A quick dive into search system metrics

A quick breakdown of some search system metrics.

MRR = Mean reciprocal rank

Consider rank of 1st relevant item, then average:

\[MRR@m = \frac{1}{m} \sum_{i=1}^m \frac{1}{\text{rank}_i}\]

Pro: easy to interpret
Con: Only 1st result is considered

Recall@k

\[\frac{\text{\# of relevant items among top-k items in output list}}{\text{total relevant items}}\]

Con: can be very many relevant items ⇒ denominator = large.
Con: does not consider ranking of results within k.

Prec@k

\[\frac{\text{\# of relevant items in top-k}}{k}\]

Con: does not consider ranking of results within k.

mAP

Mean average precision.

First, what is average precision (AP)?

AP = average precision @ different values of k

\[AP@k = \frac{1}{\text{total no relevant items}} \sum_{i=1}^k \text{Prec@i} \times \text{Rel@i}\]
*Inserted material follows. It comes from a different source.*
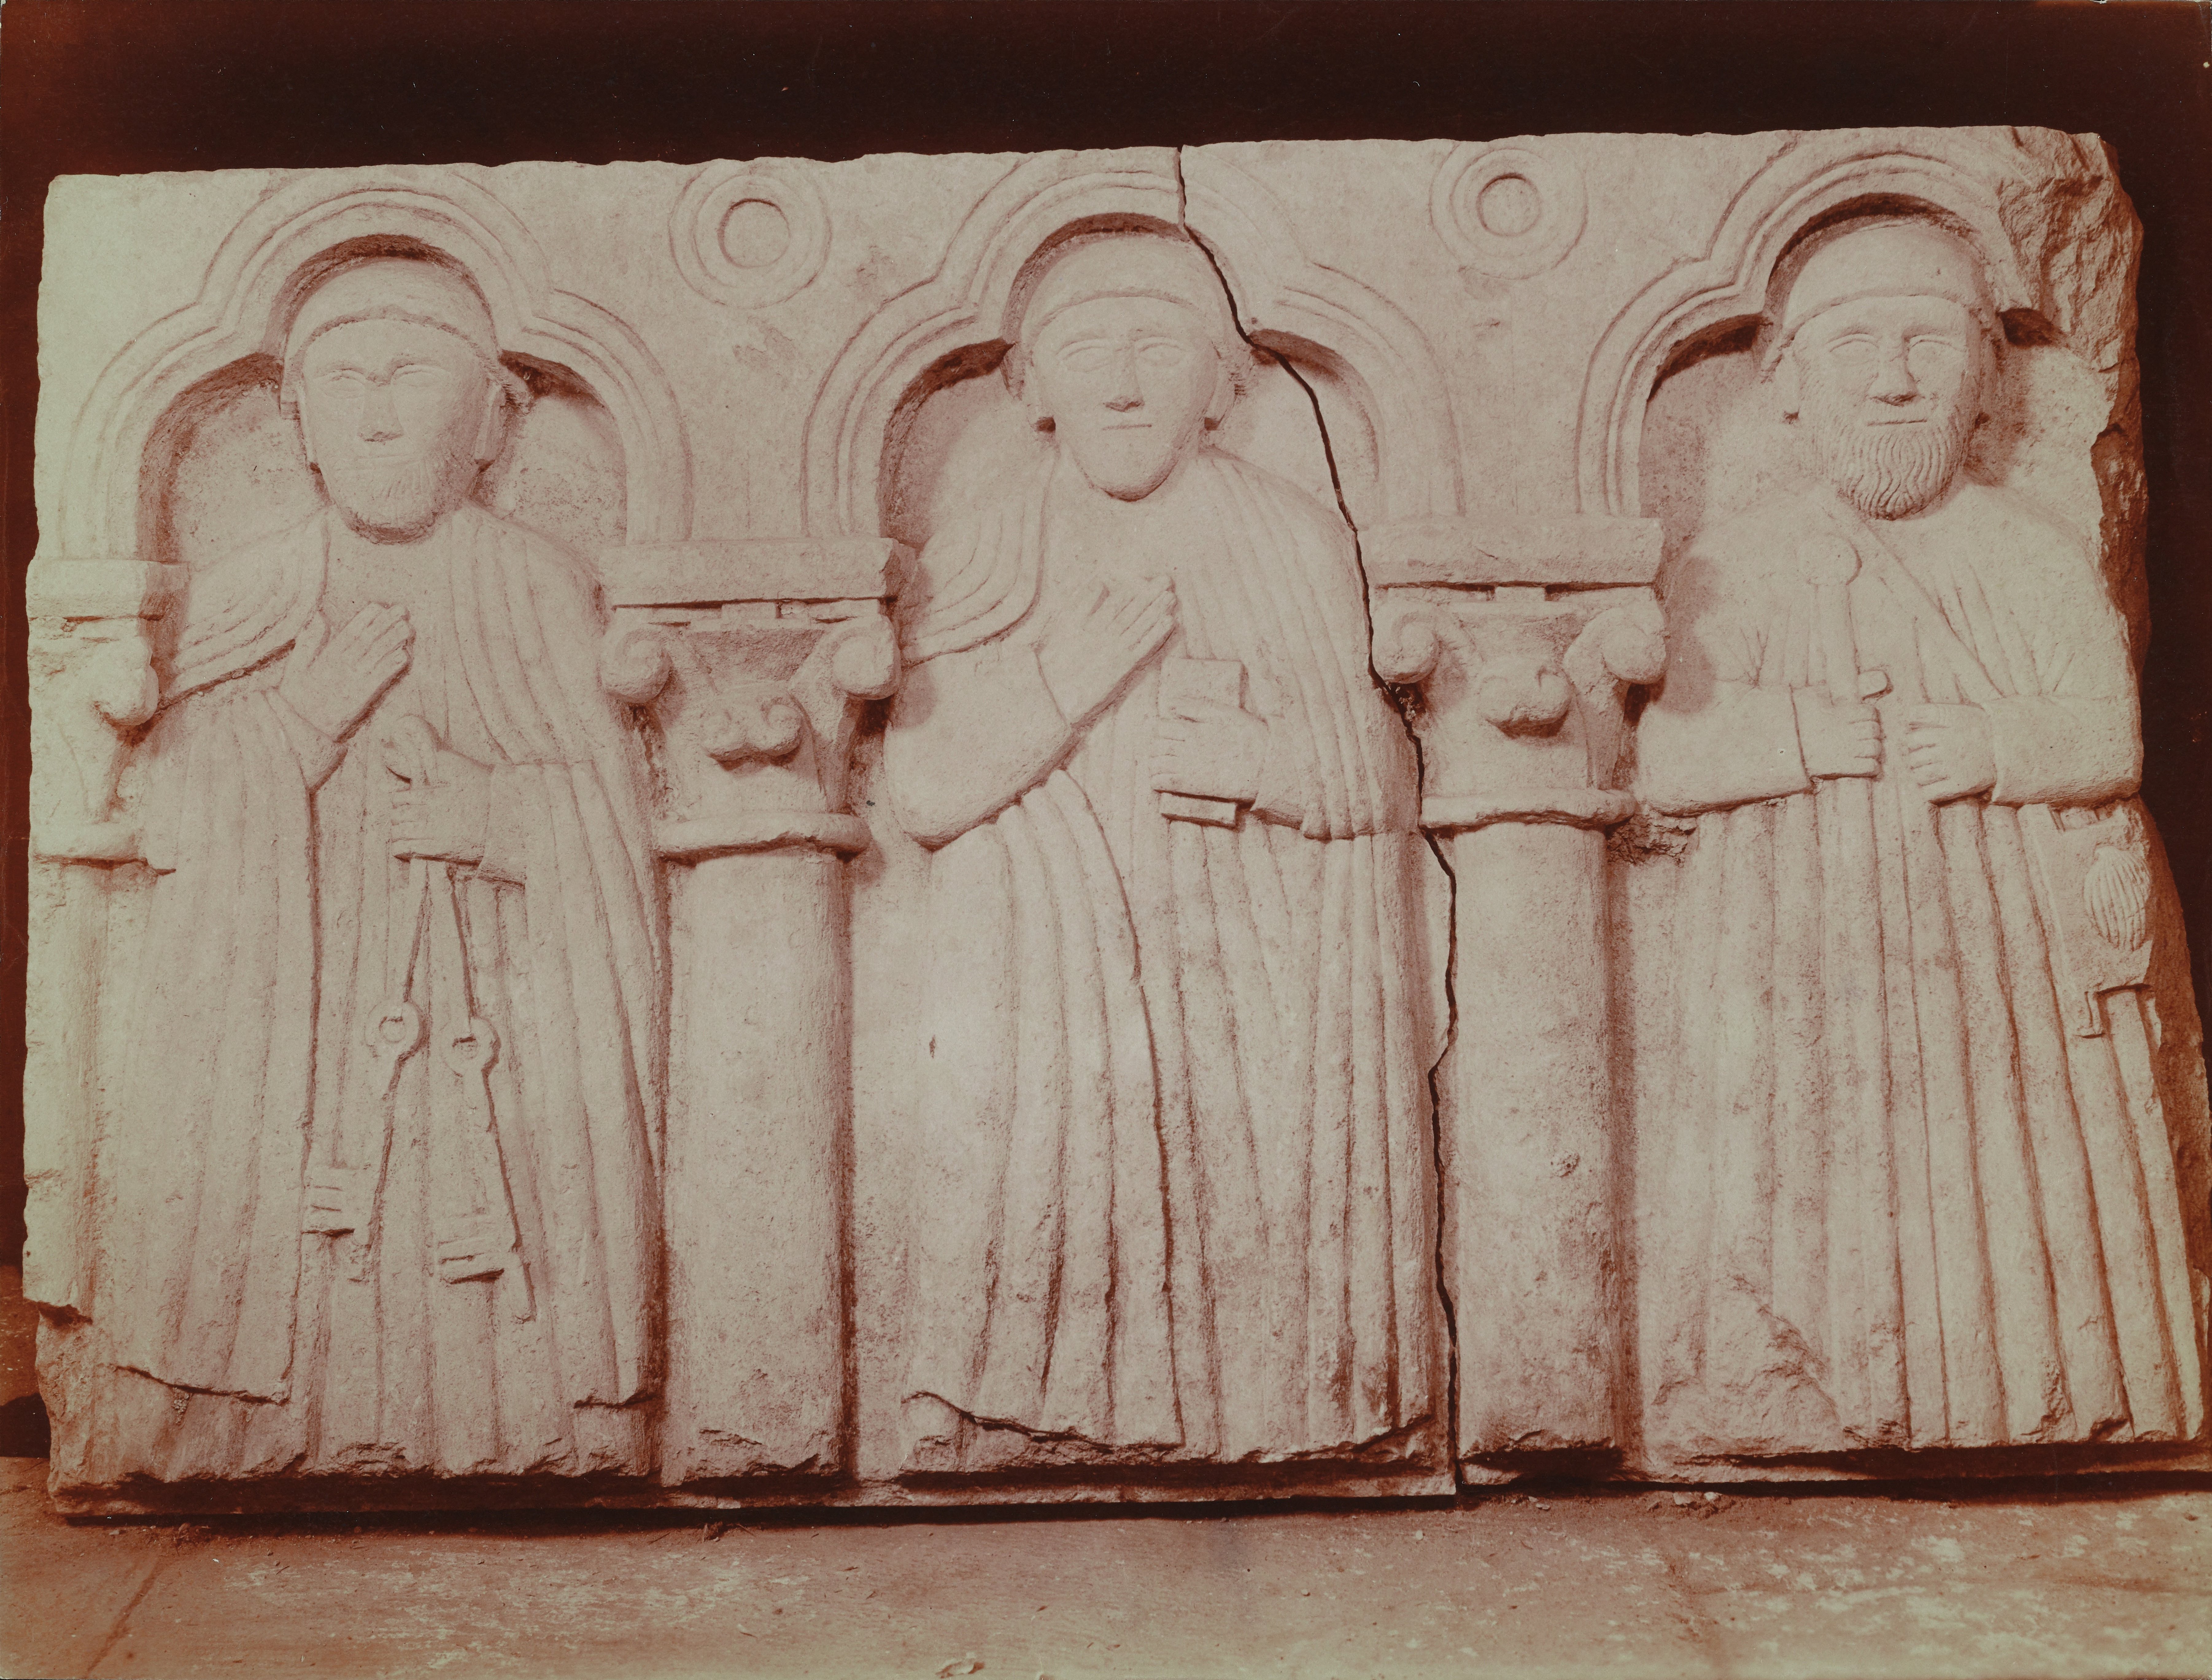 Fotografo non identificato, Ruvo di Puglia - Cattedrale S. Maria Assunta, frammenti di un vecchio altare, 1901-1910, albumina, MPI6091670

The relevance vector is typically a vector of 0s and 1s, where 1 indicates a relevant item. The denominator is the total number of relevant items in the dataset - this is the same as in recall.

Second: what is the mean average precision (mAP)? It is the average taken across many queries.

\[mAP = \frac{1}{N} \sum_{i=1}^N AP_i\]

Pro: mAP includes ranking of results + precision.
Con: Works best for binary relevance, e.g. item is or is-not relevant.

DCG = discounted cumulative gain

\[DCG@p =\sum_{i=1}^p \frac{\text{rel}_i}{\log_2(i+1)}\]

Essentially, we are summing up scores from top to bottom, and discounting scores further near bottom.

Note that the logarithm factor is essentially made up. From Wikipedia:

“Previously there was no theoretically sound justification for using a logarithmic reduction factor[3] other than the fact that it produces a smooth reduction. But Wang et al. (2013)[2] gave theoretical guarantee for using the logarithmic reduction factor in Normalized DCG (NDCG). The authors show that for every pair of substantially different ranking functions, the NDCG can decide which one is better in a consistent manner.”

Con: not normalized - this makes it hard to compare across datasets.

nDCG

Normalized DCG:

\[\text{nDCG}@p = \frac{\text{DCG}@p}{\text{IDCG}@p}\]

where IDCG = ideal ranging = recommend most ideal items first.

Pro: considers ranking order of results.
Pro: normalized makes it easy to compare across datasets.
Con: Harder to interpret than precision or recall - while nDCG = 1 indicates a perfect ranking, lower scores have no direct interpretation.

When to use nDCG vs mAP?

mAP is better for binary relevance, e.g. item is or is-not relevant.

nDCG is better for graded relevance, e.g. item is somewhat relevant.

Other evaluation metrics

Other good things to measure in search systems:

Click-through rate (CTR)

\[CTR = \frac{\text{\# clicked results}}{\text{total \# of suggested results}}\]

Average time spent on suggest search results

Conclusion

There are many metrics to measure search systems. The most important thing is to pick a metric that is relevant to your use case.